The Musk Experiment: Scaling Up to Humans
In 2013, Turin and his team at the London Centre for Nanotechnology (a collaboration between UCL and Imperial College) brought the deuterium test to human subjects. They chose musk — a large molecule whose many hydrogen atoms, when replaced with deuterium, produce a substantial shift in vibrational spectrum.
Human subjects could distinguish between normal musk and deuterated musk. The two smelled different, despite having identical shapes. When the experiment was repeated with smaller molecules like acetophenone, the difference was undetectable — consistent with the prediction that larger molecules, with more bonds and a bigger vibrational shift upon deuteration, would produce more distinguishable smells.
The results were published and promptly debated. Other labs attempted to replicate the findings with mixed results. A 2015 study by a group at Rockefeller University found that humans could not distinguish deuterated from non-deuterated musk, though methodological differences clouded the comparison. The debate continues.
The Deeper Connection
Whether or not Turin’s specific vibrational mechanism proves correct in all its details, the underlying principle connects back to the broader revolution in quantum biology.
Enzymes use quantum tunneling to catalyze reactions. Photosynthetic complexes use quantum coherence to transfer energy. Birds use quantum entanglement to navigate. In each case, biology has found a way to exploit quantum effects in warm, wet conditions that physicists said should destroy them.

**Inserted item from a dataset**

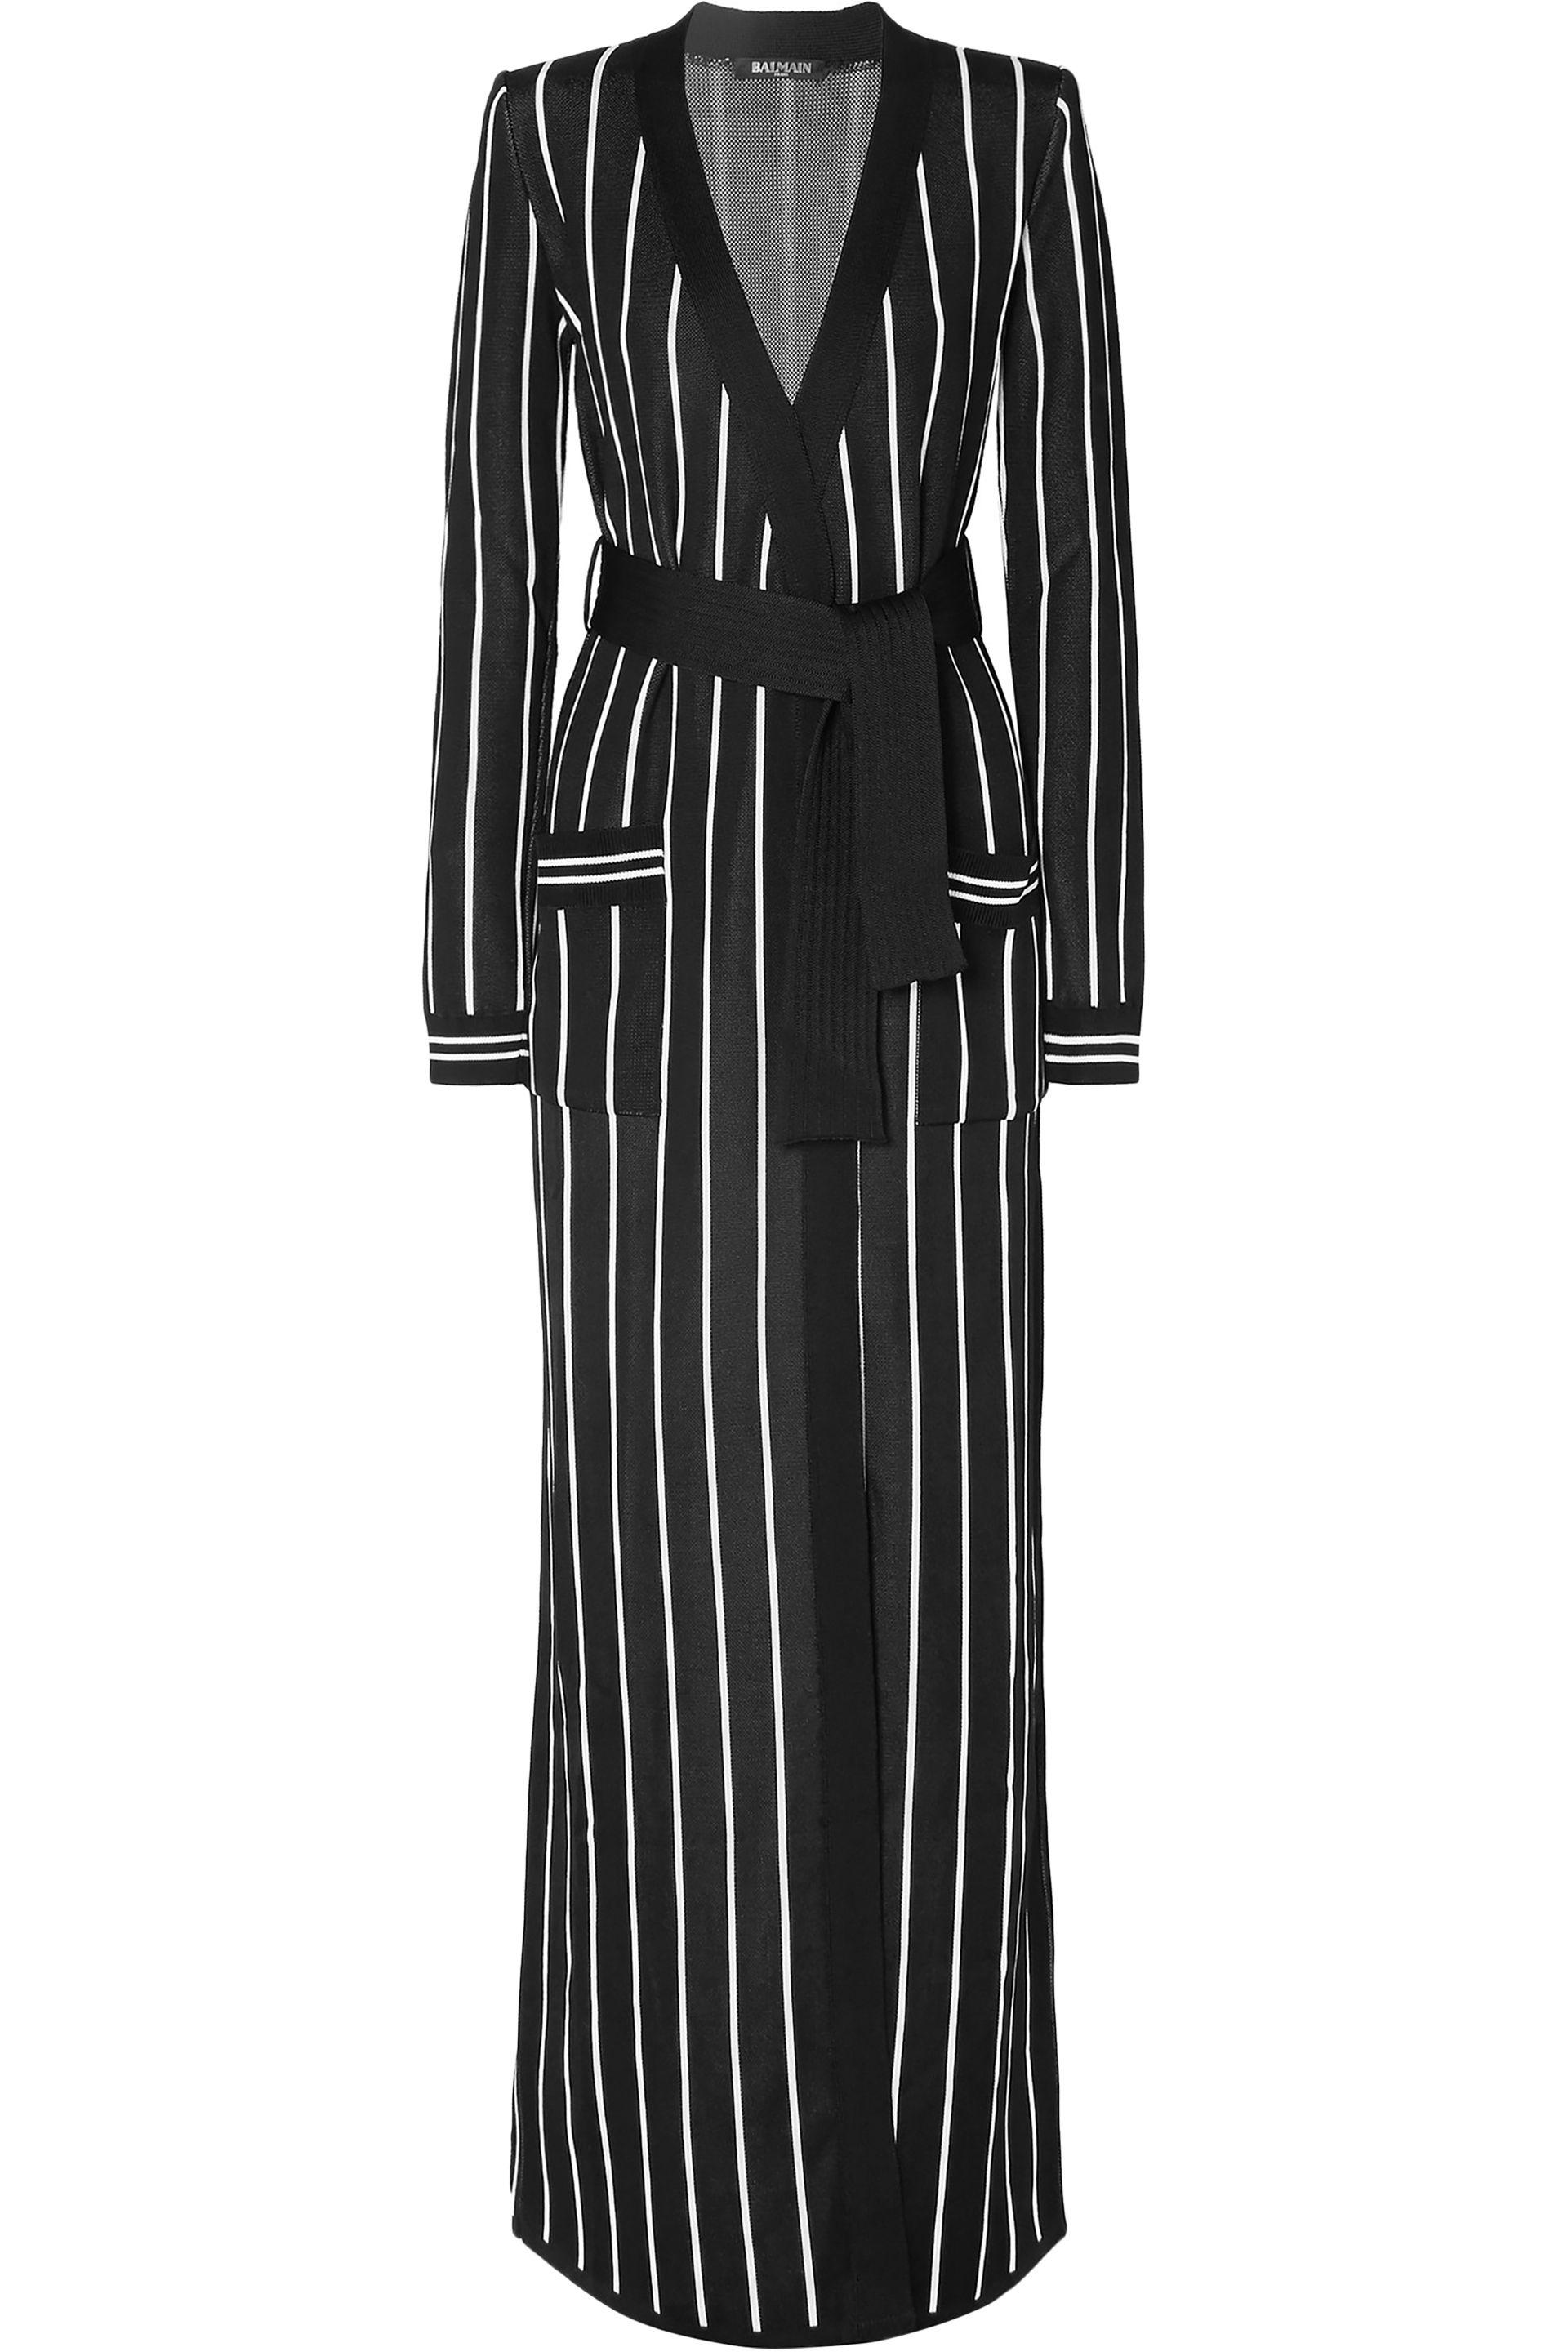 Balmain Long Striped Cardigan in Black-Silver (Black) - Lyst

The question Turin asked about smell — could a sensory system use quantum tunneling to detect molecular properties? — is really just the question of quantum biology applied to perception. If tunneling drives 50% of enzymatic chemistry, it would be strange if evolution had never found a way to use it for information processing.
Klinman showed that enzymes tunnel. Scrutton showed that protein dynamics optimize the tunneling. Turin proposed that receptors might tunnel. The thread connecting all three is the same: quantum mechanics is not an accidental feature of biochemistry. It is a tool that life has learned to wield.
Your body is a tunneling machine. Every time an enzyme in your liver metabolizes a drug, every time a dehydrogenase in your mitochondria processes fuel, every time a repair enzyme fixes your DNA — hydrogen atoms are walking through walls. And every time you smell a rose, or coffee, or rain on hot pavement, the mechanism by which those molecules register in your consciousness may involve quantum effects at a scale we are only beginning to understand.
What does it mean for our sense of reality when the fundamental processes of perception and metabolism operate by rules that defy classical intuition — particles passing through barriers, electrons tunneling across proteins, the very chemistry of life running on quantum mechanics?